Literature DB >> 12674323

Marrow cell transplantation for infantile hypophosphatasia.

Michael P Whyte1, Joanne Kurtzberg, William H McAlister, Steven Mumm, Michelle N Podgornik, Stephen P Coburn, Lawrence M Ryan, Cindy R Miller, Gary S Gottesman, Alan K Smith, Judy Douville, Barbara Waters-Pick, R Douglas Armstrong, Paul L Martin.   

Abstract

An 8-month-old girl who seemed certain to die from the infantile form of hypophosphatasia, an inborn error of metabolism characterized by deficient activity of the tissue-nonspecific isoenzyme of alkaline phosphatase (TNSALP), underwent the first trial of bone marrow cell transplantation for this heritable type of rickets. After cytoreduction, she was given T-cell-depleted, haplo-identical marrow from her healthy sister. Chimerism in peripheral blood and bone marrow became 100% donor.
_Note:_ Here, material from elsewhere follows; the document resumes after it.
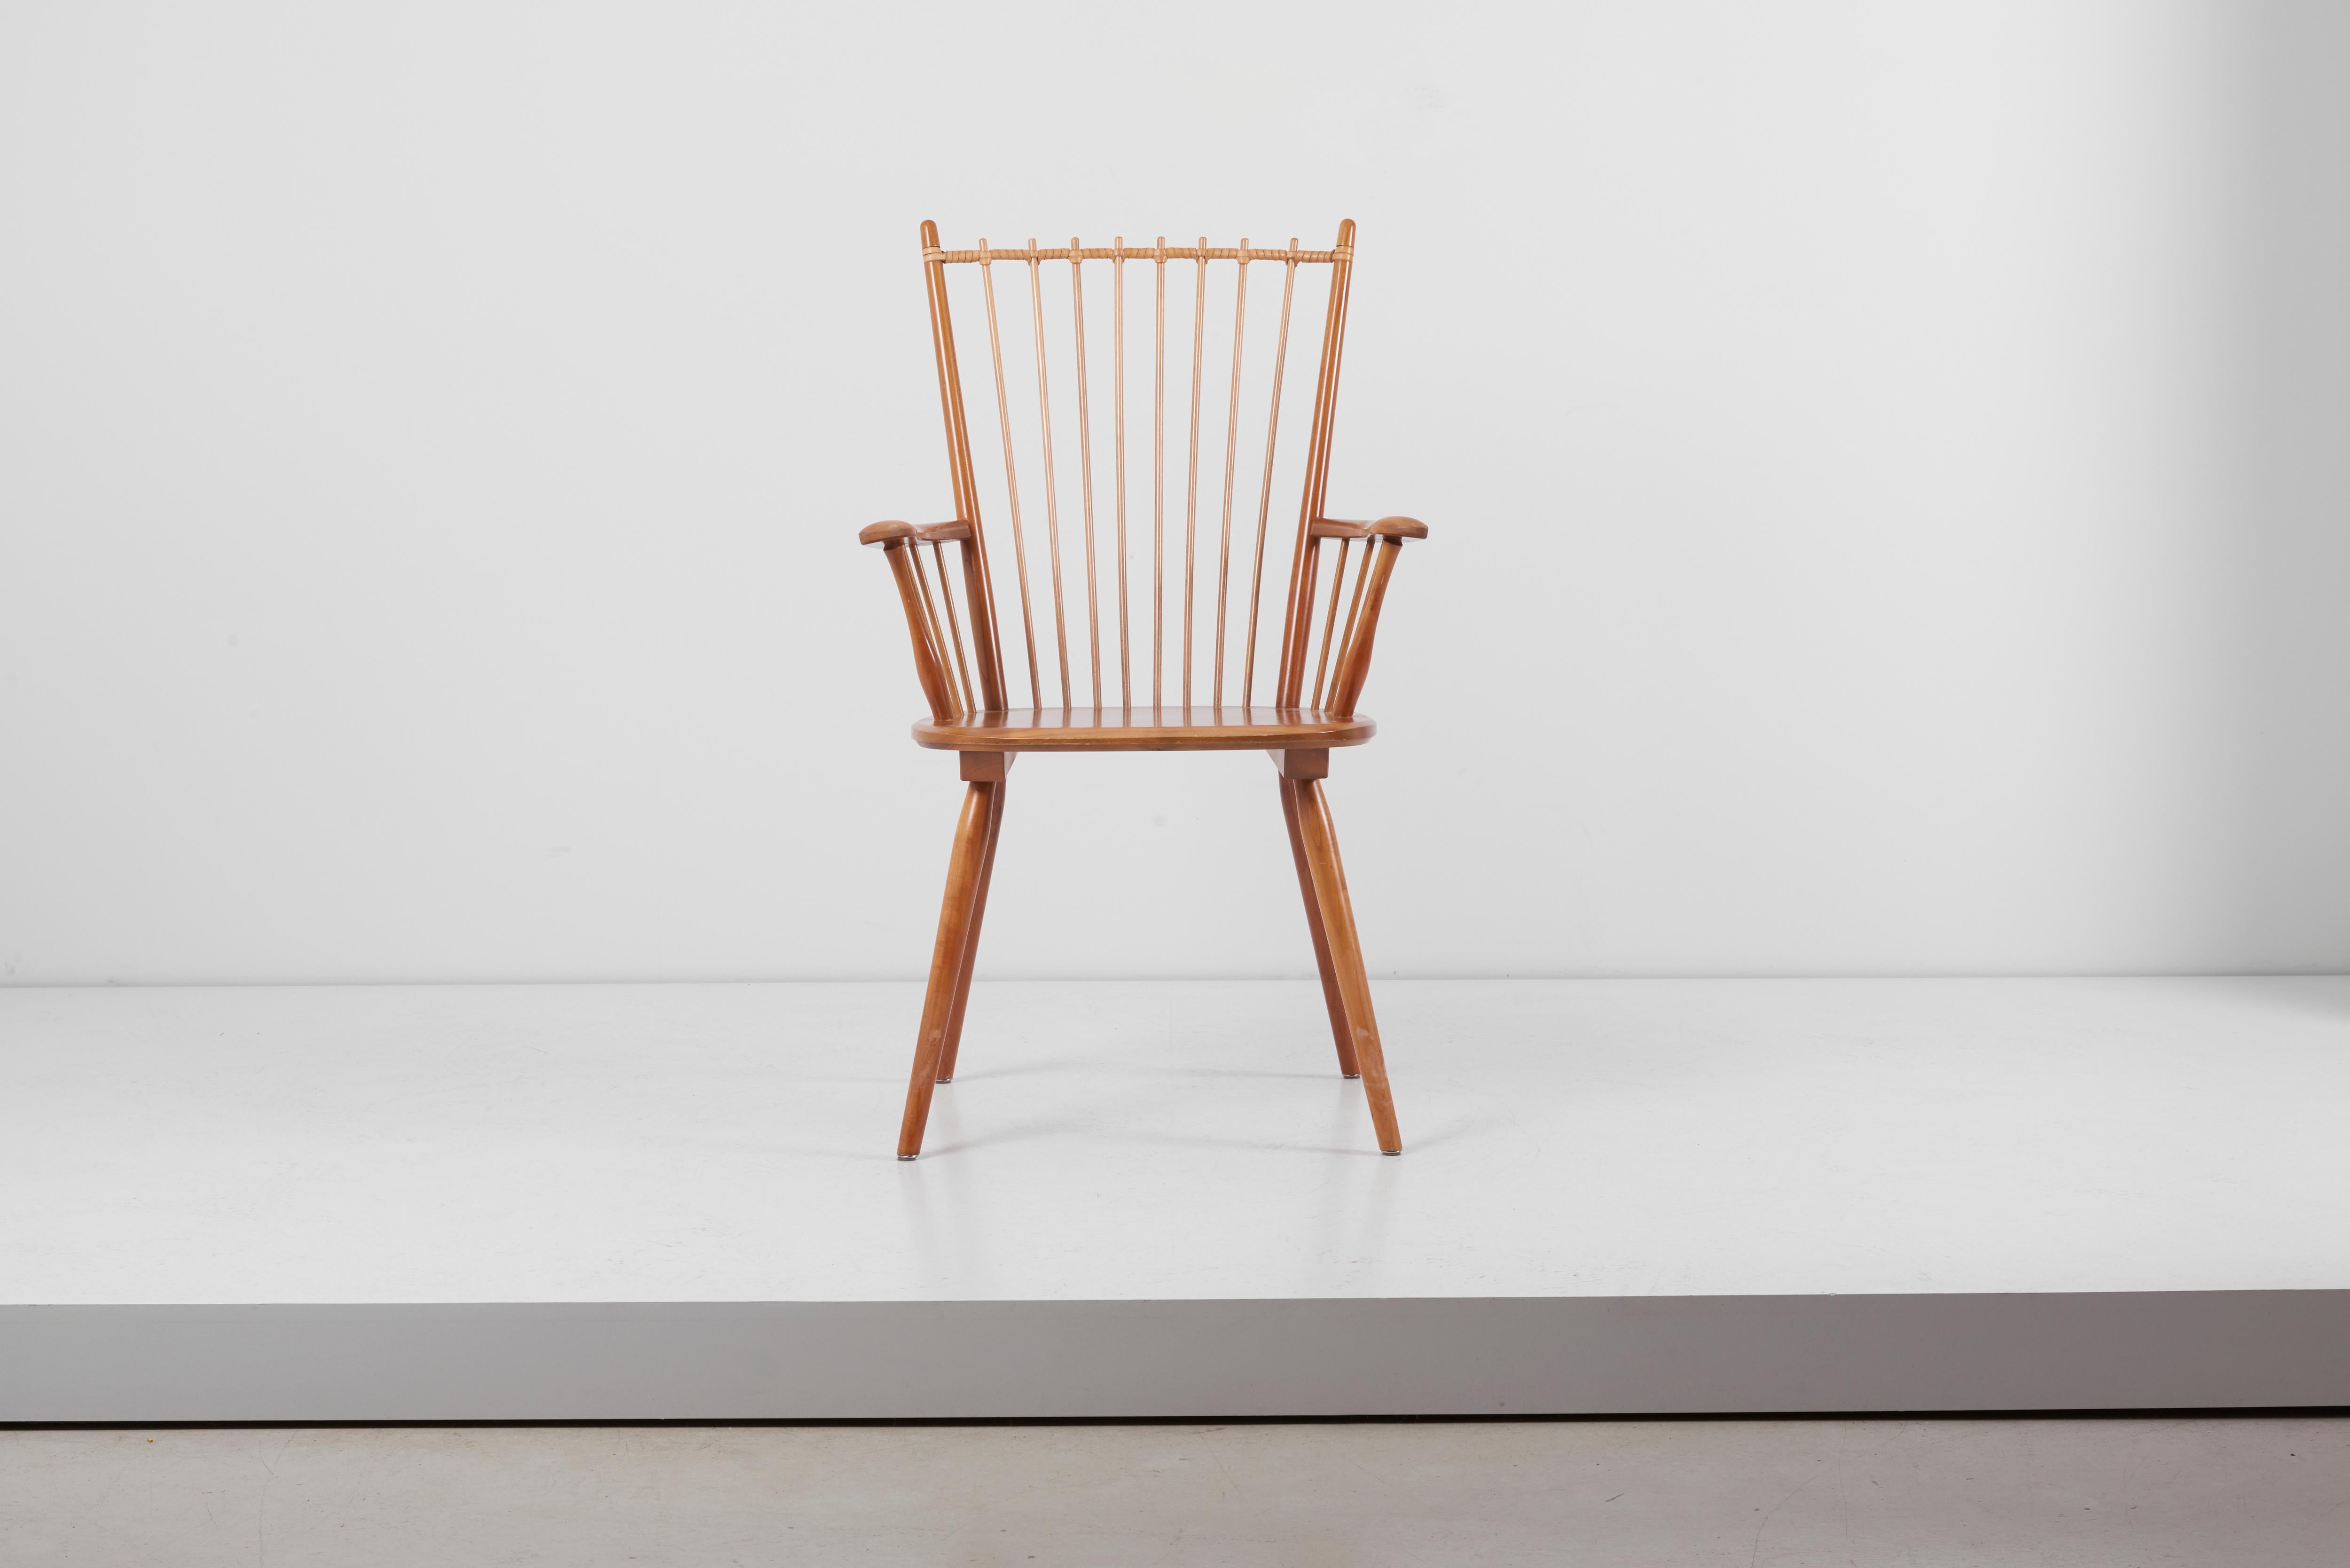 Rare architectural Arts & Crafts chair, designed circa 1949 by Albert Haberer and manufactured by Hermann Fleiner in Stuttgart, Germany. The flexible backrest is made of thin spindles, held together with a leather connection. The leather is a

Three months later, she was clinically improved, with considerable healing of rickets and generalized skeletal remineralization. However, 6 months post-transplantation, worsening skeletal disease recurred, with partial return of host hematopoiesis. At the age of 21 months, without additional chemotherapy or immunosuppressive treatment, she received a boost of donor marrow cells expanded ex vivo to enrich for stromal cells. Significant, prolonged clinical and radiographic improvement followed soon after. Nevertheless, biochemical features of hypophosphatasia have remained unchanged to date. Skeletal biopsy specimens were not performed. Now, at 6 years of age, she is intelligent and ambulatory but remains small. Among several hypotheses for our patient's survival and progress, the most plausible seems to be the transient and long-term engraftment of sufficient numbers of donor marrow mesenchymal cells, forming functional osteoblasts and perhaps chondrocytes, to ameliorate her skeletal disease.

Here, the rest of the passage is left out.